Dr. Nicholas Christakis, a physician and professor of medical sociology at Harvard Medical School and a principal investigator in the new study, says one explanation is that friends affect each others' perception of fatness. When a close friend becomes obese, obesity may not look so bad.

"You change your idea of what is an acceptable body type by looking at the people around you," Christakis said.

The investigators say their findings can help explain why Americans became fatter in recent years: Persons who became obese were likely to drag some friends with them.

Their analysis was unique, Christakis said, because it moved beyond a simple analysis of one person and his or her social contacts, and instead examined an entire social network at once, looking at how a friend's friends' friends, or a spouse's siblings' friends, could have an influence on a person's weight. The effects, Christakis said, "highlight the importance of a spreading process, a kind of social contagion, that spreads through the network."

Of course, the investigators say, social networks are not the only factors that affect body weight. There is a strong genetic component at work too.

Science has shown that individuals have genetically determined ranges of weights, spanning perhaps 30 or so pounds, or 13.5 kilograms, for each person. But that leaves a large role for the environment in determining whether a person's weight is near the top of his or her range or near the bottom. As people have gotten fatter, it appears that many are edging toward the top of their ranges. The question has been why.

If the new research is correct, it might mean that something in the environment seeded what many call an obesity epidemic, making a few people gain weight. Then social networks let the obesity spread rapidly.

It also might mean that the way to avoid becoming fat is to avoid having fat friends.

That is not the message they meant to convey, say the study investigators, Christakis and his colleague James Fowler, an associate professor of political science at the University of California in San Diego. You don't want to lose a friend who becomes obese, Christakis said. Friends are good for your overall health, he explains.

So why not make friends with a thin person, he suggests, and let the thin person's behavior influence you and your obese friend?

That answer does not satisfy obesity researchers like Kelly Brownell, director of the Rudd Center for Food Policy and Obesity at Yale University.

"I think there's a great risk here in blaming obese people even more for things that are caused by a terrible environment," Brownell said.

On average, the investigators said, their rough calculations show that a person who became obese gained 17 pounds, and the newly obese person's friend gained 5 pounds. But some gained less or did not gain at all, while others gained much more.

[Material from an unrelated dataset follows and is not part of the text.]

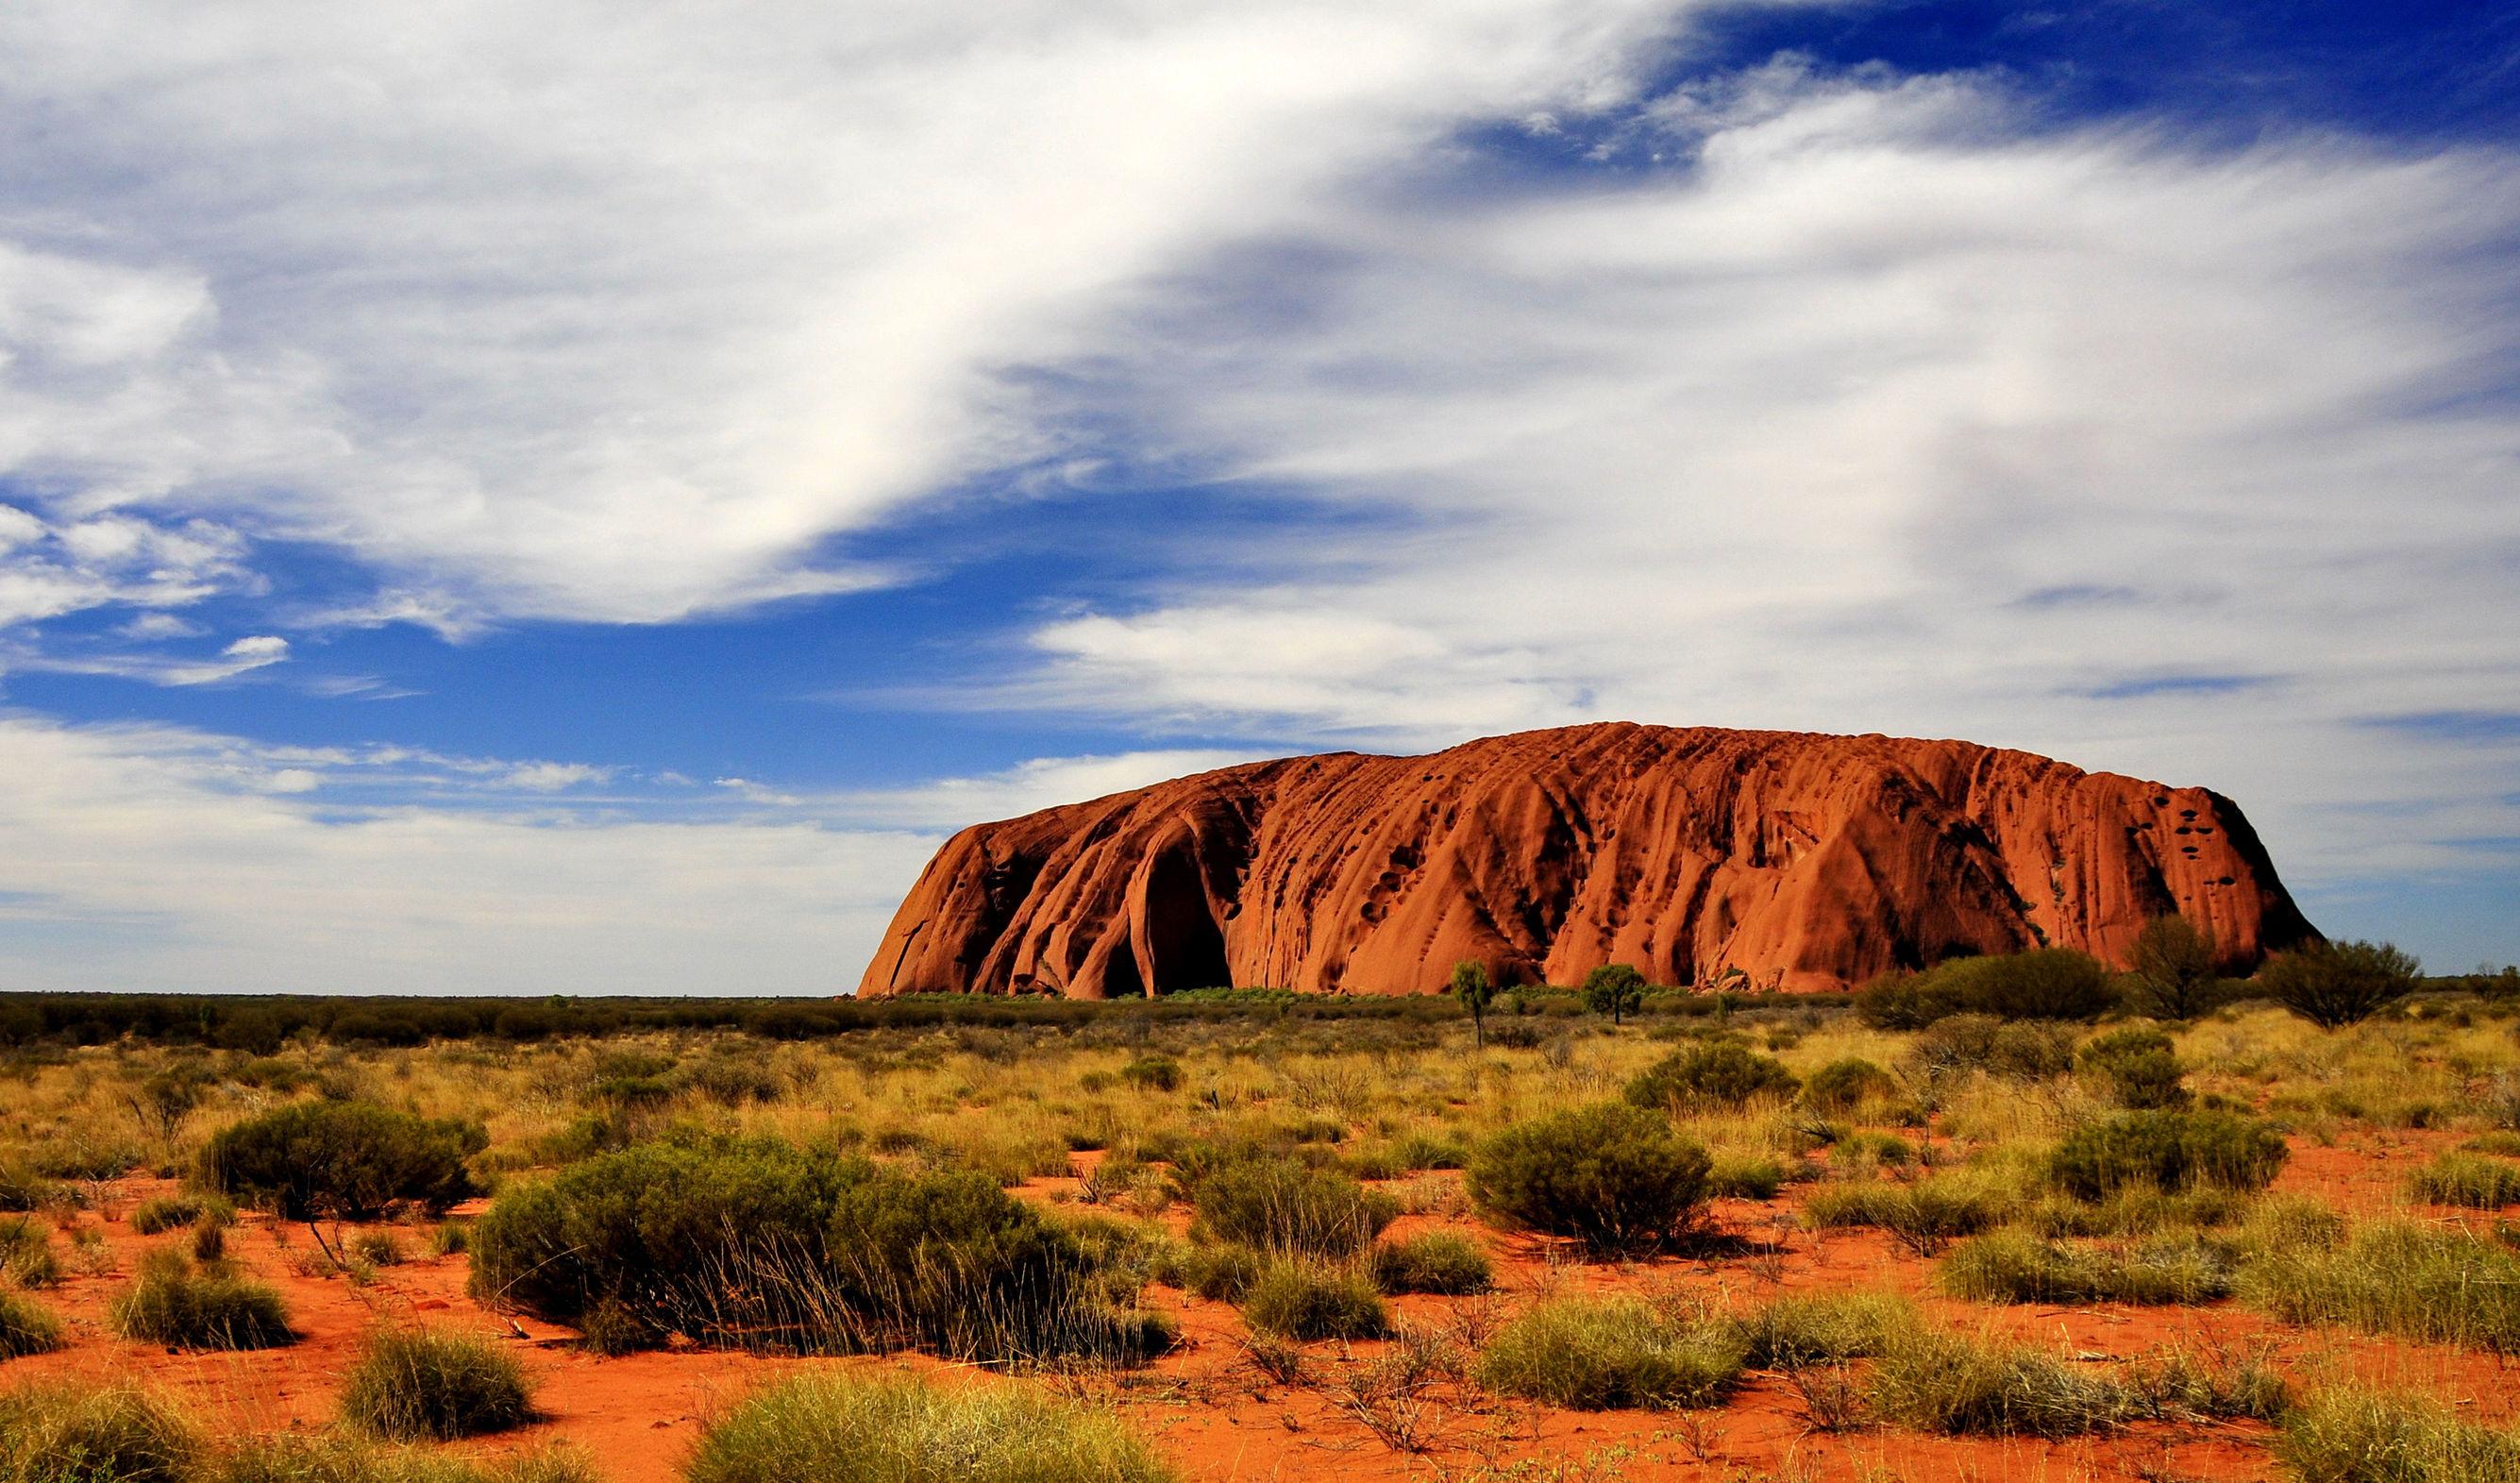 ayers-rock-australia 123rf

Those extra pounds were added onto the natural increases in weight that occur when people get older. What usually happened was that peoples' weights got high enough to push them over the boundary, a body mass index of 30, that divides overweight and obese. (For example, a man 6 feet, or 1.8 meters, tall who went from 220 pounds to 225 would go from being overweight to........
http://www.iht.com/articles/2007/07/25/healthscience/fat.php
If this story is right (i haven't had time to read the original paper), there could be some kind of sociopsychological things happening here.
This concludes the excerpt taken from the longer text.